The development of RWE in China has been promoted significantly in the past few years and has taken a distance from the evaluation of outcomes and comparative effectiveness of the traditional Chinese medicine interventions. During 2020, the Chinese National Medical Product Administration (NMPA) published a series of preliminary guidance documents including a technical guideline for RWE supporting drug development, and an interim technical guidance for using RWE to support research, development, and regulatory review of pediatric drugs [49]. Chinese Authorities were among the first to issue a guidance for the use of RWE to support the evaluation of MDs, which was later supported by a more generic guidance on how to use RWD to generate RWE [50]. Overall, China scopes the use of RWE around drug development and support of post-marketing studies. Different case studies are discussed in which RWE may support drug development and regulatory decisions, including the use of external controls for approval of rare disease treatments and orphan drug assessments where the conduct of an RCT is neither feasible nor ethical, as well as the use of RWE for expansion of indications of currently marketed medicinal products. The Chinese approach focuses on medicines for pediatric use and how RWE can support pediatric drug development. In particular, the NMPA specifies circumstances for which RWE could introduce unique benefits both for product development and approval processes, specifically:

• RWE studies allow for greater flexibility in patient recruitment and trial design for diseases with small patient populations and scattered cases like rare diseases.
• For infantile diseases, or life-threatening diseases with rapid disease progression, RWE studies offer timely treatments of trial therapies when control group enrolment may not be ethical.
• For certain surgical MDs in which it is technically difficult to perform RCTs, RWE studies afford alternatives to sham surgeries for efficacy and safety evidence.

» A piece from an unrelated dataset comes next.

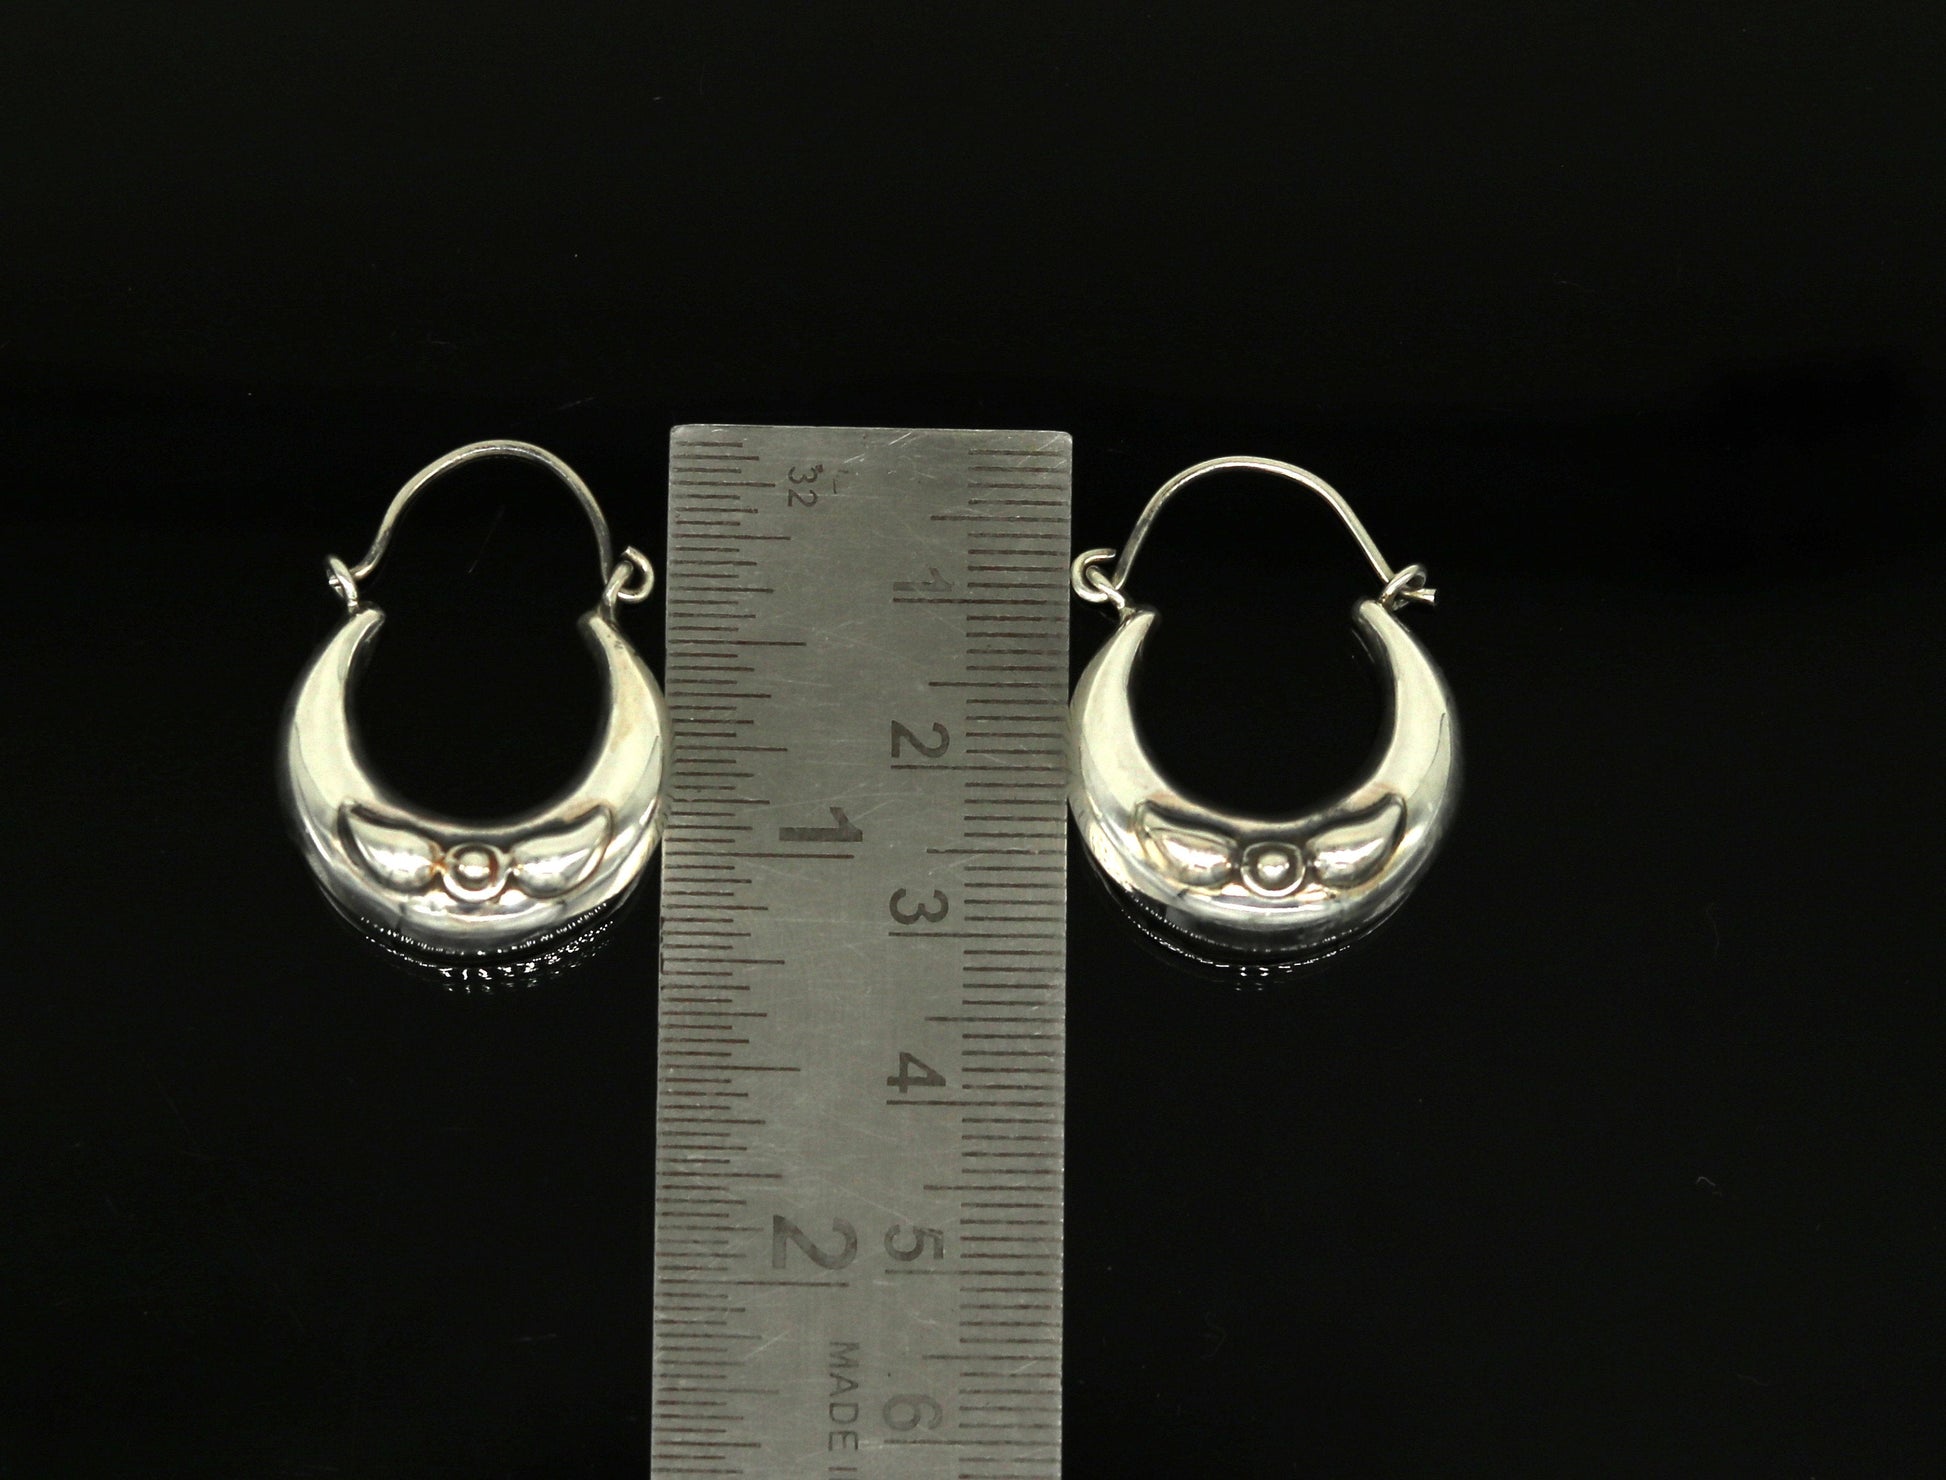 Handmade 925 sterling silver jewelry, fabulous vintage stylish customized hoops earrings bali tribal ethnic personalized jewelry ske17 - TRIBAL ORNAMENTS
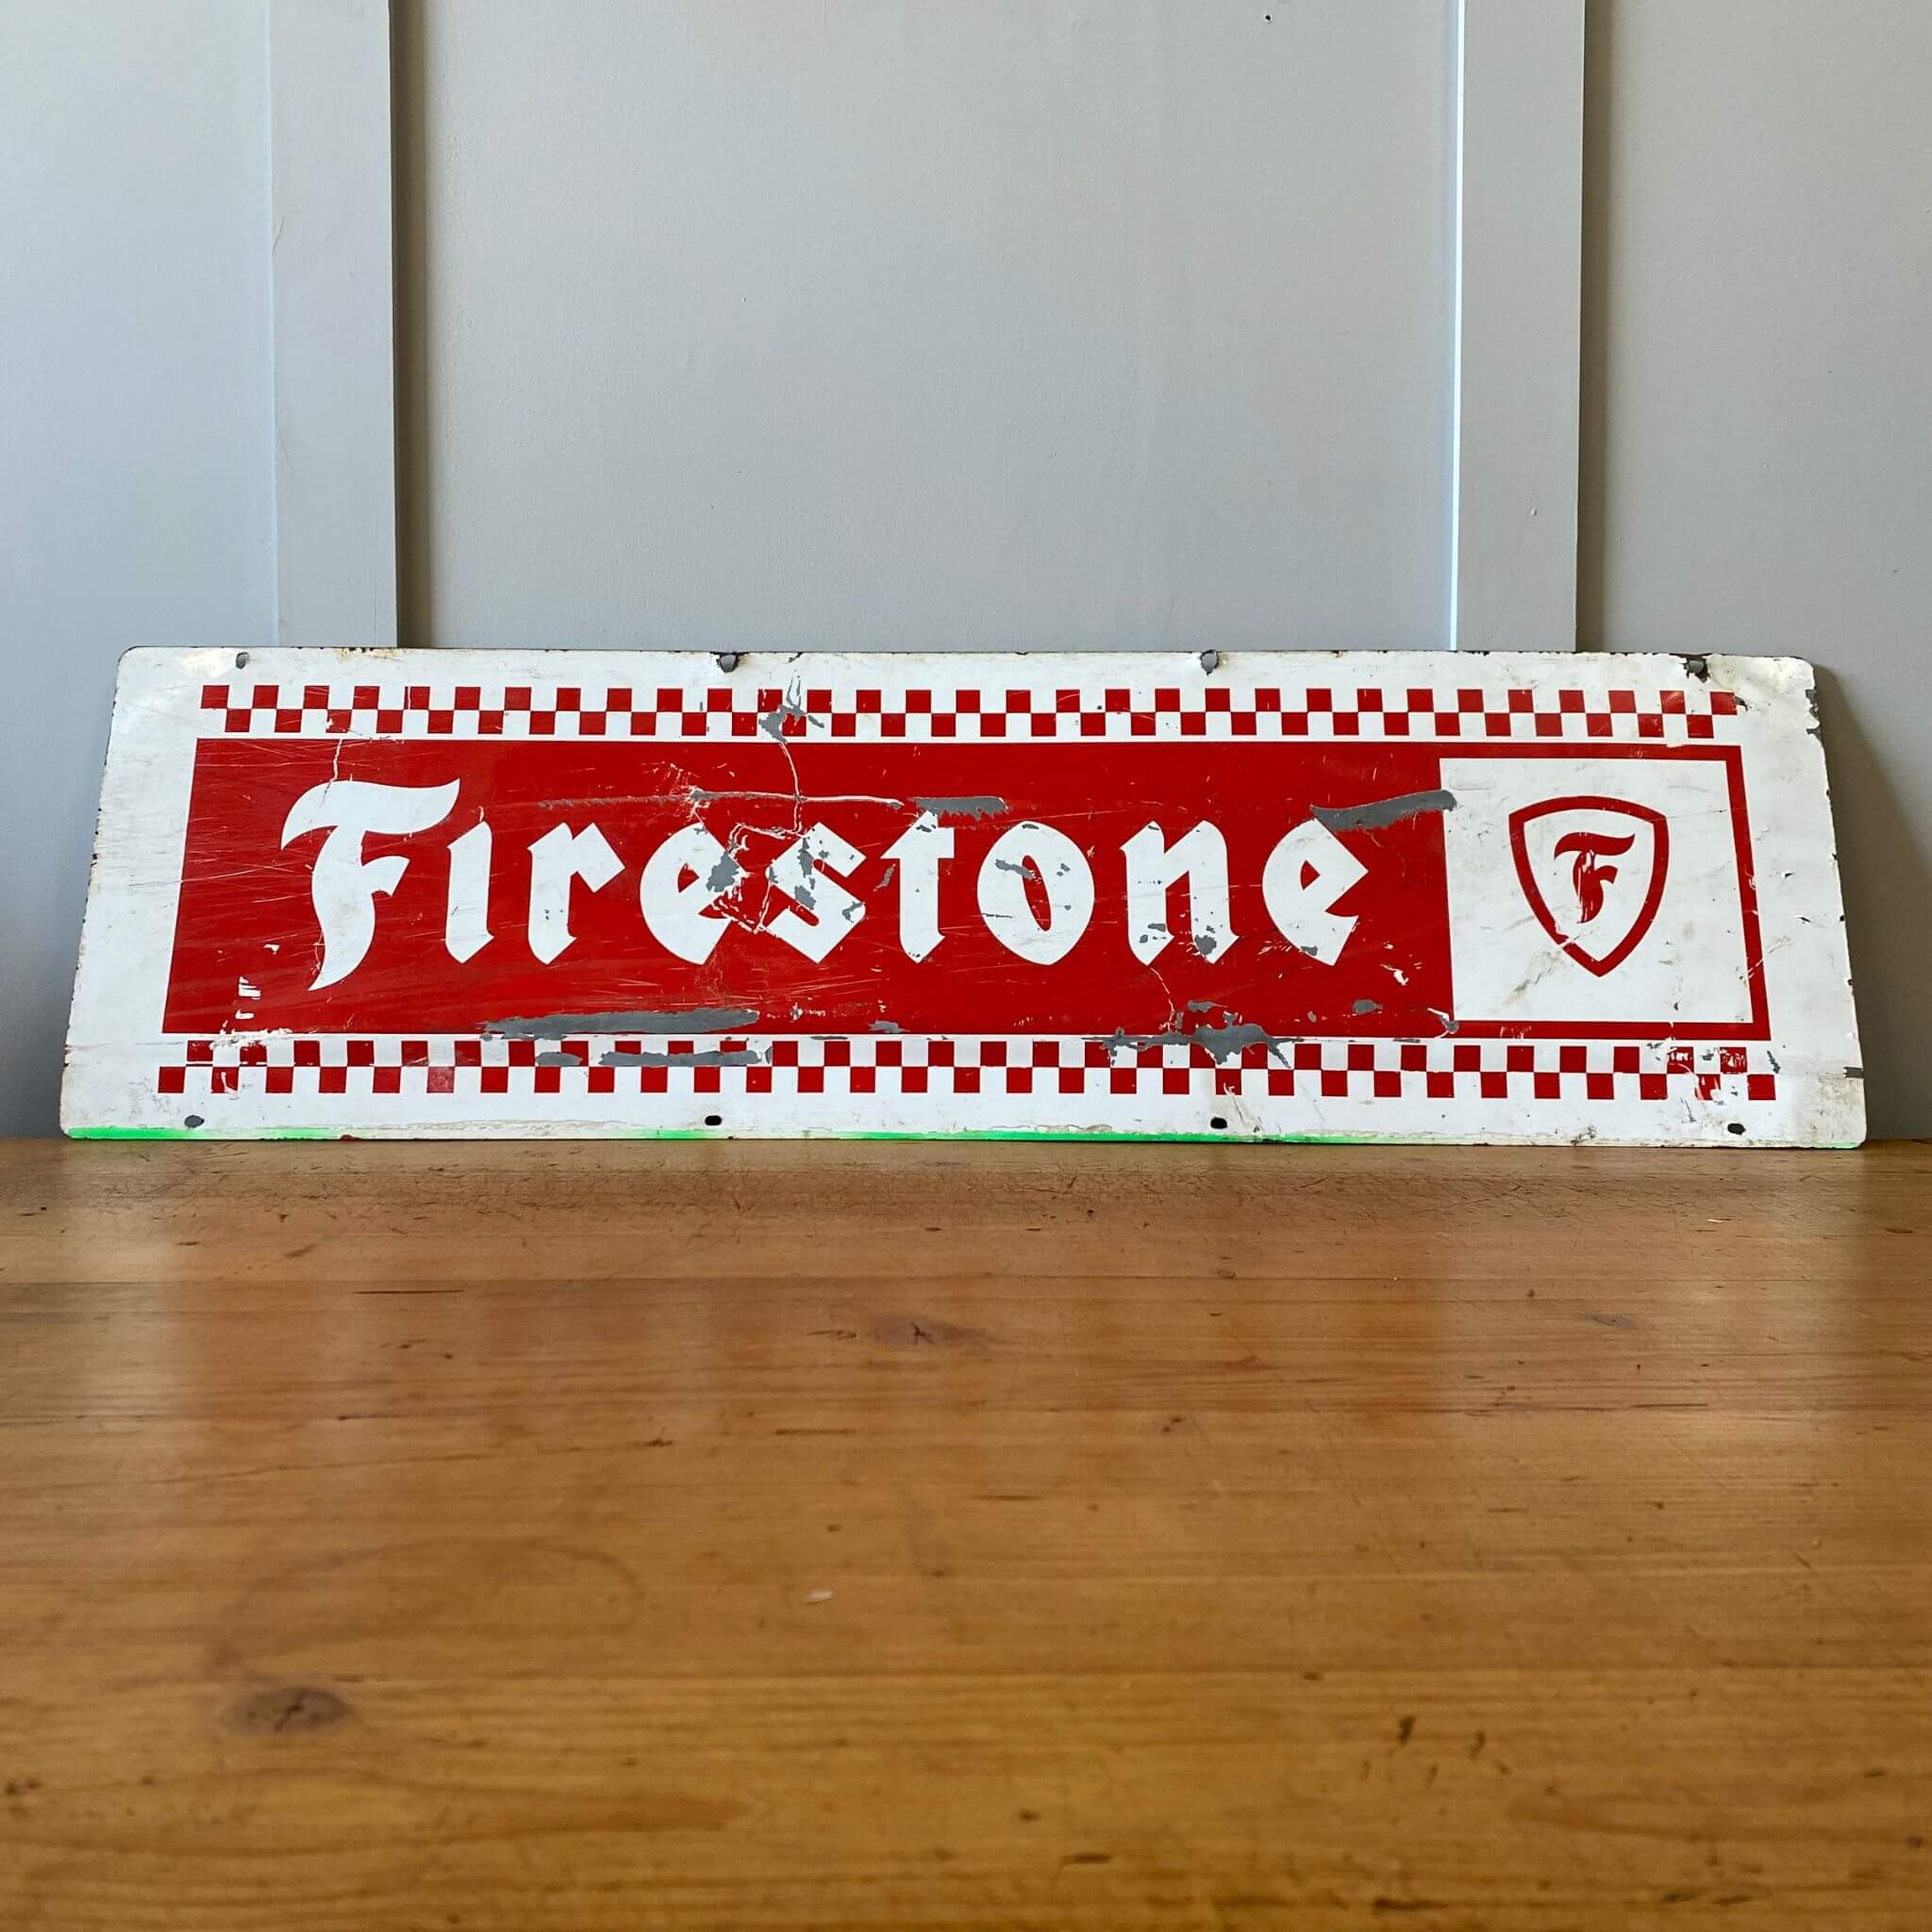 Firestone sign

Given the size and complex infrastructure of China, one of the major challenges for Chinese Authorities is to determine reliable, reproducible data sources that can be used for epidemiology and health economics purposes, as well as research outcomes that are comparable and acceptable by the international community. Within this context, Xie et al. [51] grouped the majority of RWD used in China into 6 types: a) administrative claims databases (including national and regional levels), b) EHR (including regional EHR databases, multicenter, and single-center EHR databases), c) databases linking EHR with claims, d) cohort or registry data, e) medical chart review studies, and f) surveys of the general population and patients. The first 2 types are relatively new in China and their use is subject to limitations, such as limited data access/sharing potentials, lack of longitudinal follow-up data, and sub-optimal data quality. In addition, lack of regulations related to patient privacy protection is also hindering the use of RWD/RWE, as bureaucratic requirements, and lack of a central ethics review board in China complicate the use of the above sources. On the other hand, the potential to collect data from large-size cohorts creates research opportunities for general and rare diseases.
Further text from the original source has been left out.